Other scholars quickly uncovered a number of serious problems with the fragment itself, even though carbon dating showed it to be as old as advertised. Soon a wide range of scholars labeled it an elaborate hoax. One, Andrew Bernhard, says it is a cut-and-paste job made from sections of the Gnostic Gospel of Thomas.

Despite her professed agnosticism over the authenticity of the fragment, King was strangely reluctant to uncover its provenance, or chain of ownership, which is vital in deciding whether a document is real or fake. Sagar spent months tracking down a previous owner and checking every detail of his story.
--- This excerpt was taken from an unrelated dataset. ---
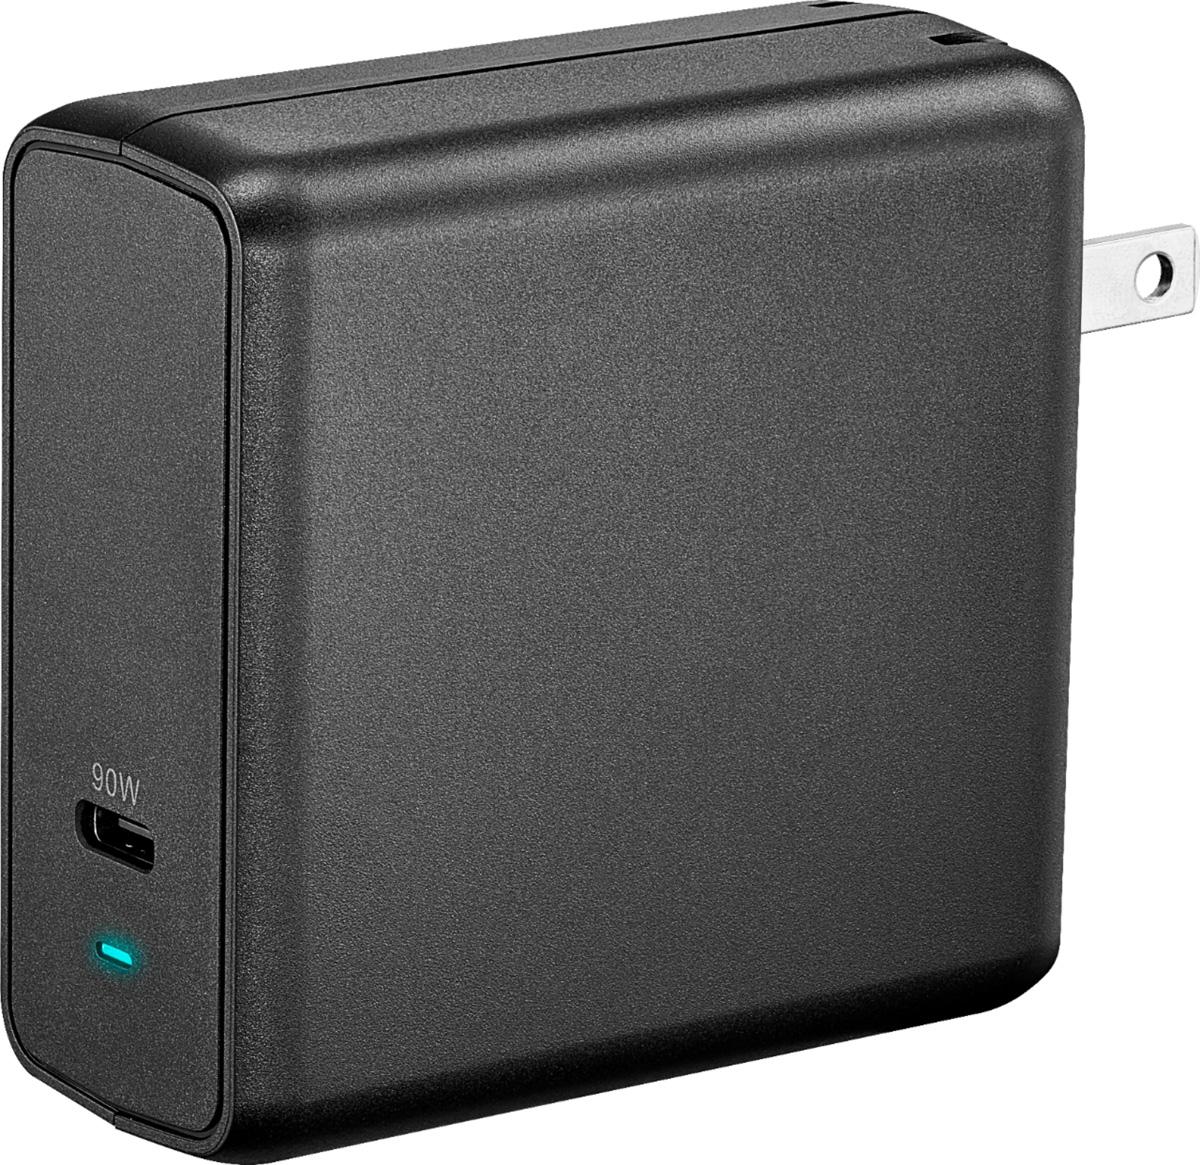 Insignia 90W USB-C Fast Charging Wall Charger for $10.99

It didn’t look good.

King at first dismissed Sagar’s request to share his findings about the dubious chain of ownership for “The Gospel of Jesus’s Wife.” Didn’t she want the facts? King told him, “I haven’t engaged the provenance questions at all. . . . I don’t see the point of a conversation.”
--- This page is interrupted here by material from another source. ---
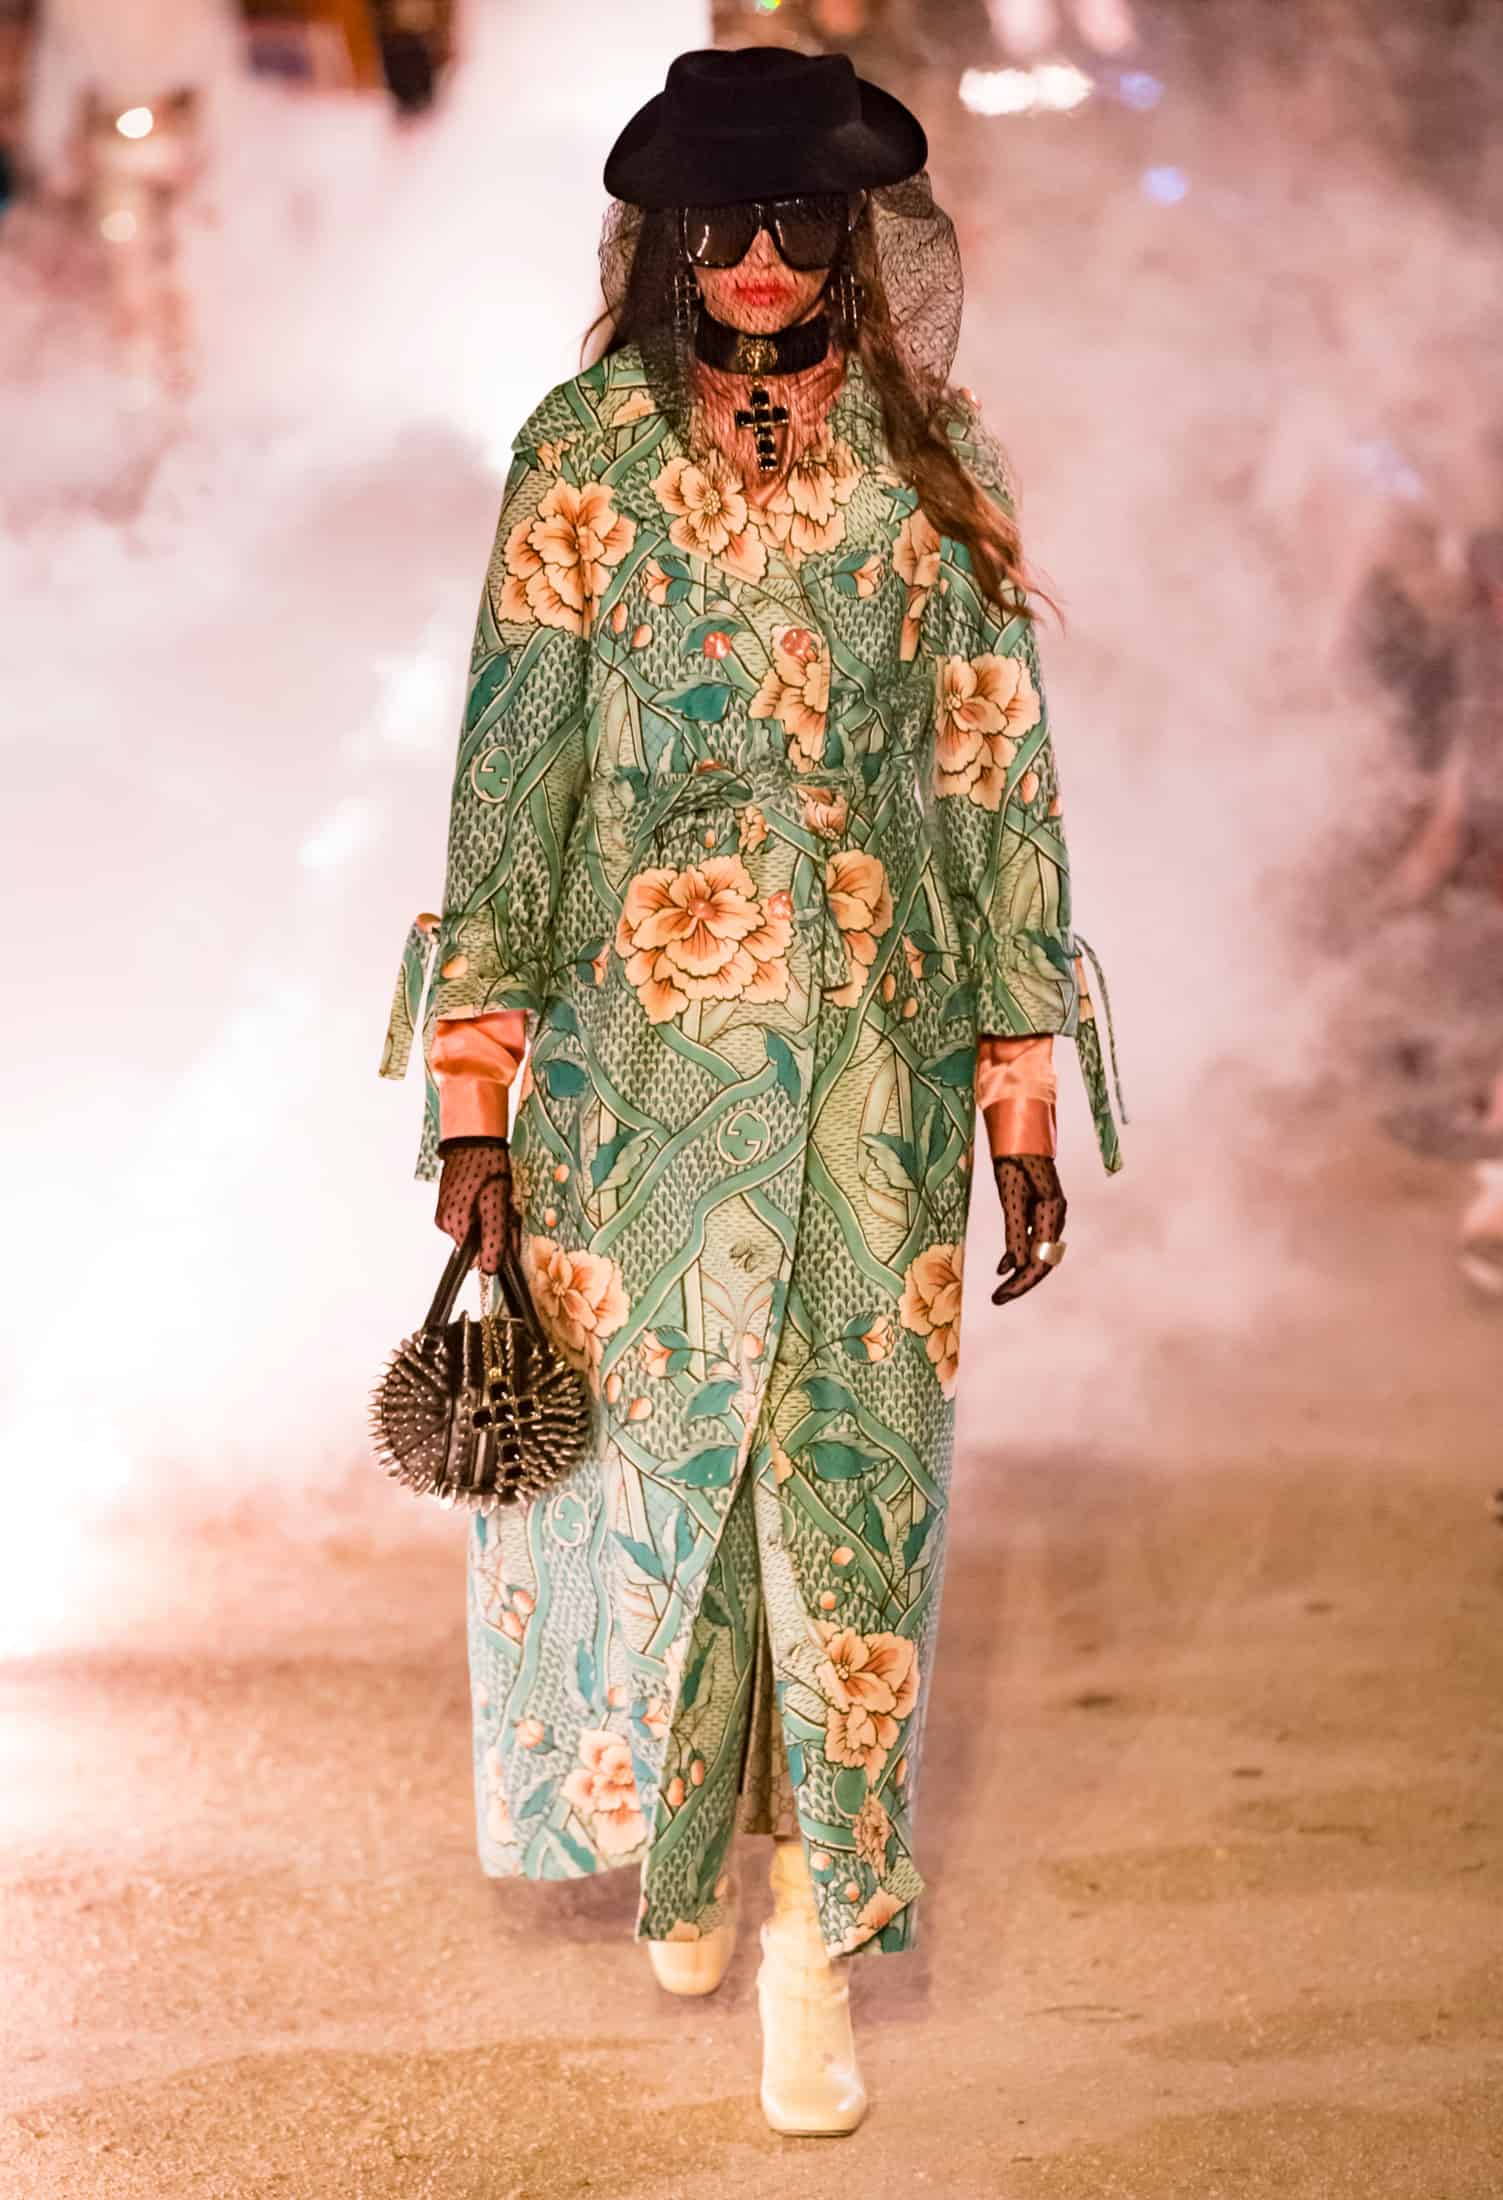 Gucci's 2019 Cruise Show Was Creepy AF (In a Good Way)

Didn’t she want to know what he had discovered?

“Not particularly.”

Why would she, since proof that “The Gospel of Jesus’s Wife” was a fake would damage her career and hurt book sales? Never mind that Harvard’s motto is Veritas, Latin for Truth.

Yet King’s nonchalant tune changed as Sagar closed in. He notes:

When I called [King] in March while reporting my Atlantic story, she said she was not interested in commenting on — or even hearing about — my findings before publication. Thursday afternoon, however, she called me to say the story was “fascinating” and “very helpful.” . . .

I asked why she hadn’t undertaken an investigation of the papyrus’s origins and the owner’s background. “Your article has helped me see that provenance can be investigated,” she said.

At the GetReligion blog, Julia C. Duin writes, “King had said that any forgery would be ‘a career breaker’ for her. Sabar was kind to her in the piece but the truth is, King accepted the papyrus because its message was what she wanted to hear.”